Configuring Apache2 with FastCGI for RT 3.4.2

-----BEGIN PGP SIGNED MESSAGE-----
Hash: SHA1

I’m trying to configure an RT 3.4.2 virtual host (SSL) in Apache2 with
FastCGI (RT 3.4.2), but I keep getting this message when I try to access
the page with my browser:

You don't have permission to access / on this server.'

The Apache error log says this:

client denied by server configuration: /usr/local/rt3/bin/mason_handler.fcgi

And here’s a portion of my httpd.conf (actually ssl.conf):

<VirtualHost 169.229.1.165:443>
   SSLEngine on
   DocumentRoot /usr/local/www/data
   ServerName sns2.berkeley.edu:443
   ServerAdmin mikef@ack.berkeley.edu
   ErrorLog /var/log/httpd-error.log
   TransferLog /var/log/httpd-access.log
   <Directory /usr/local/www/data>
      Options Indexes FollowSymLinks
      AllowOverride None
      Order allow,deny
      Allow from all
   </Directory>
</VirtualHost>
<VirtualHost 169.229.1.165:444>
   SSLEngine on
   DocumentRoot /usr/local/rt3/share/html
   ServerName sns2.berkeley.edu:444
   ServerAdmin mikef@ack.berkeley.edu
   ErrorLog /var/log/httpd-error.log
   TransferLog /var/log/httpd-access.log
   <Location />
      AddDefaultCharset UTF-8
      SetHandler fastcgi-script
   </Location>
   Alias /NoAuth/images/ /usr/local/rt3/share/html/NoAuth/images/
   AddHandler fastcgi-script fcgi
   ScriptAlias / /usr/local/rt3/bin/mason_handler.fcgi/
   <Directory /usr/local/rt3/share/html>
      Options Indexes FollowSymLinks
      AllowOverride None
      Order allow,deny
      Allow from all
   </Directory>
</VirtualHost>

I have no trouble accessing the virtual host at 443 (which is a non-RT web
site), so I figure it’s the RT-related virtual host that’s somehow
misconfigured.

Of course, there’s more to my configuration than shown above (I didn’t
want to include the whole thing here) and the problem may lie elsewhere.
But is there anything obviously wrong with my port 444 virtual host
configuration above that I might be missing?
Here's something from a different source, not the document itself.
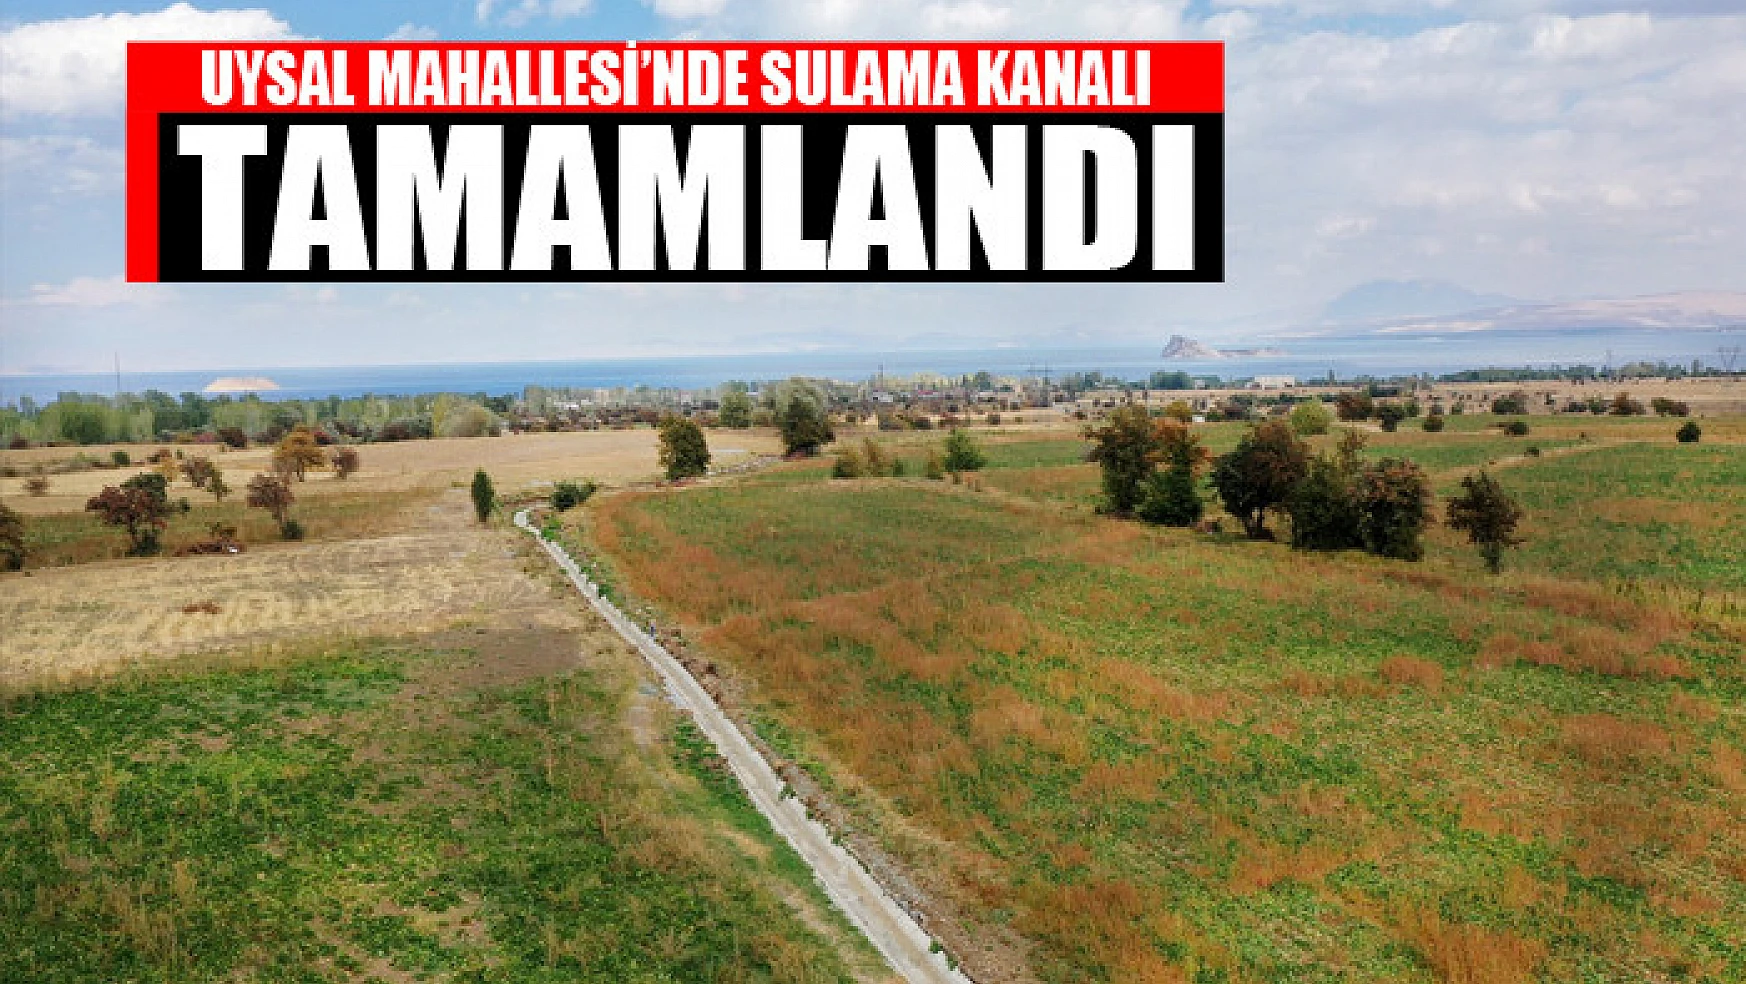 UYSAL MAHALLESİ'NDE SULAMA KANALI TAMAMLANDI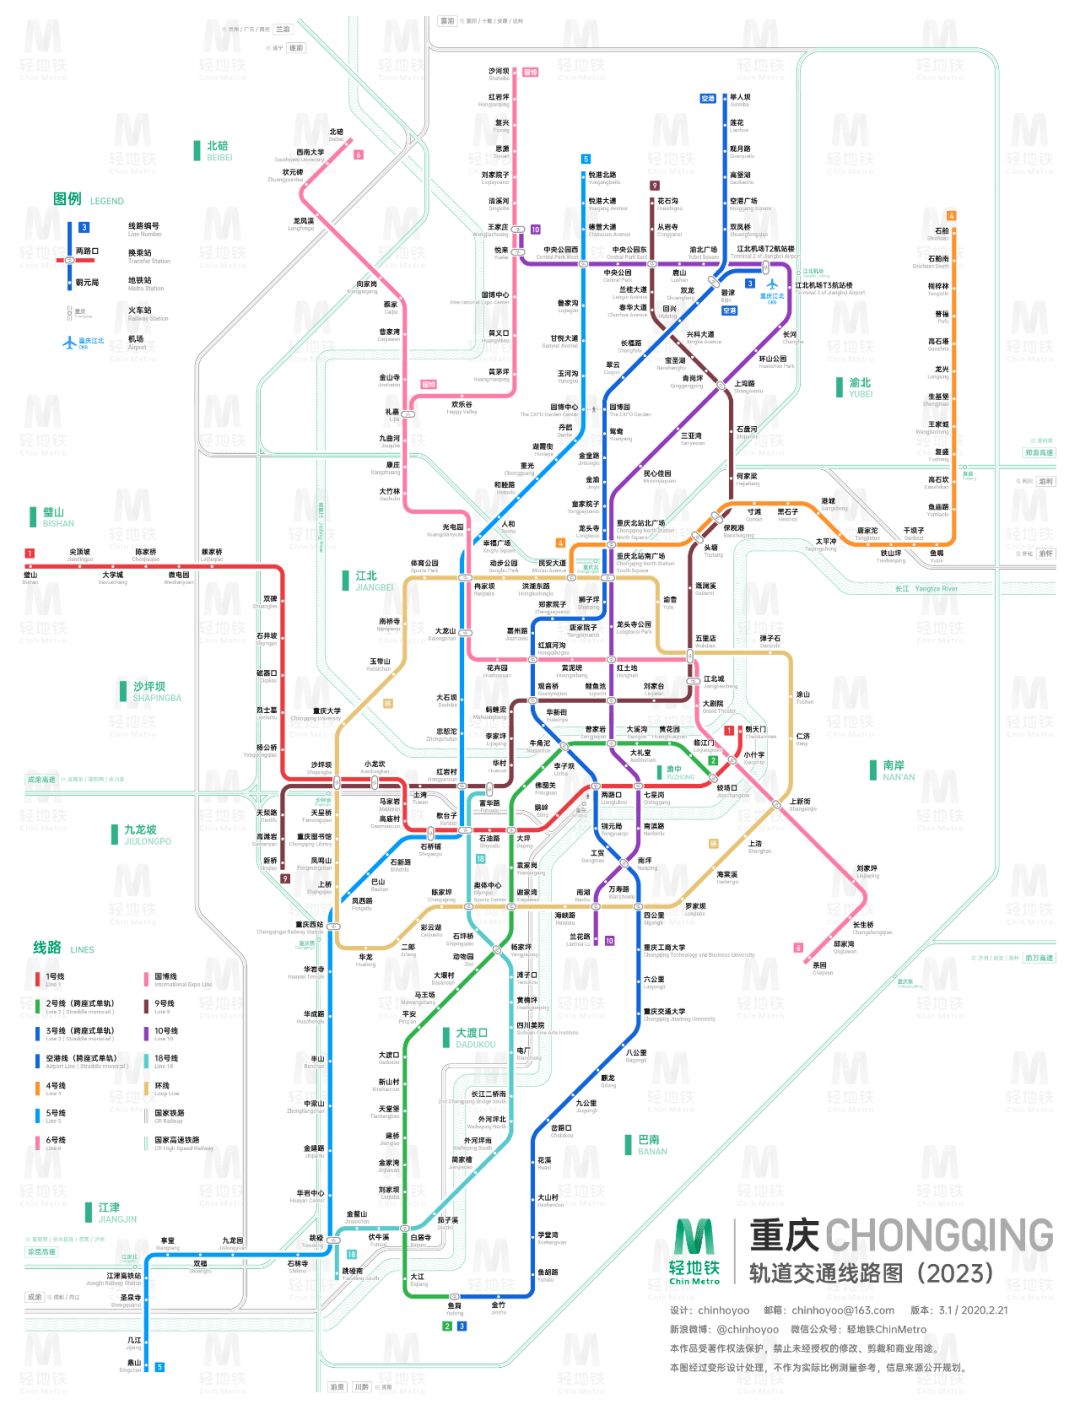 重庆轨道交通运营线路共有10条,包括1,2,3,4,5,6,10号线,环线,国博线

Or should I be looking at
something else in particular?

Just trying to get some ideas.

Thanks.

Mike

Mike Friedman System and Network Security
mikef@ack.Berkeley.EDU 2484 Shattuck Avenue
1-510-642-1410 University of California at Berkeley
http://ack.Berkeley.EDU/~mikef http://security.berkeley.edu

-----BEGIN PGP SIGNATURE-----
Version: PGP 6.5.8

iQA/AwUBQyIBpK0bf1iNr4mCEQIRSgCgy+ERgFJJo3JwxvLshTja59k6fOcAoLBj
9tEdp+YiuONmoUcSjEQ2n/Sb
=915Y
-----END PGP SIGNATURE-----

-----BEGIN PGP SIGNED MESSAGE-----
Hash: SHA1

Never mind; I found my problem. It seems there was a ‘Deny from all’
statement elsewhere in my configuration that was setting too strict a
default. Thus, even my ‘Allow from all’ in the RT directory was being
overridden because I also have ‘Order allow,deny’ there.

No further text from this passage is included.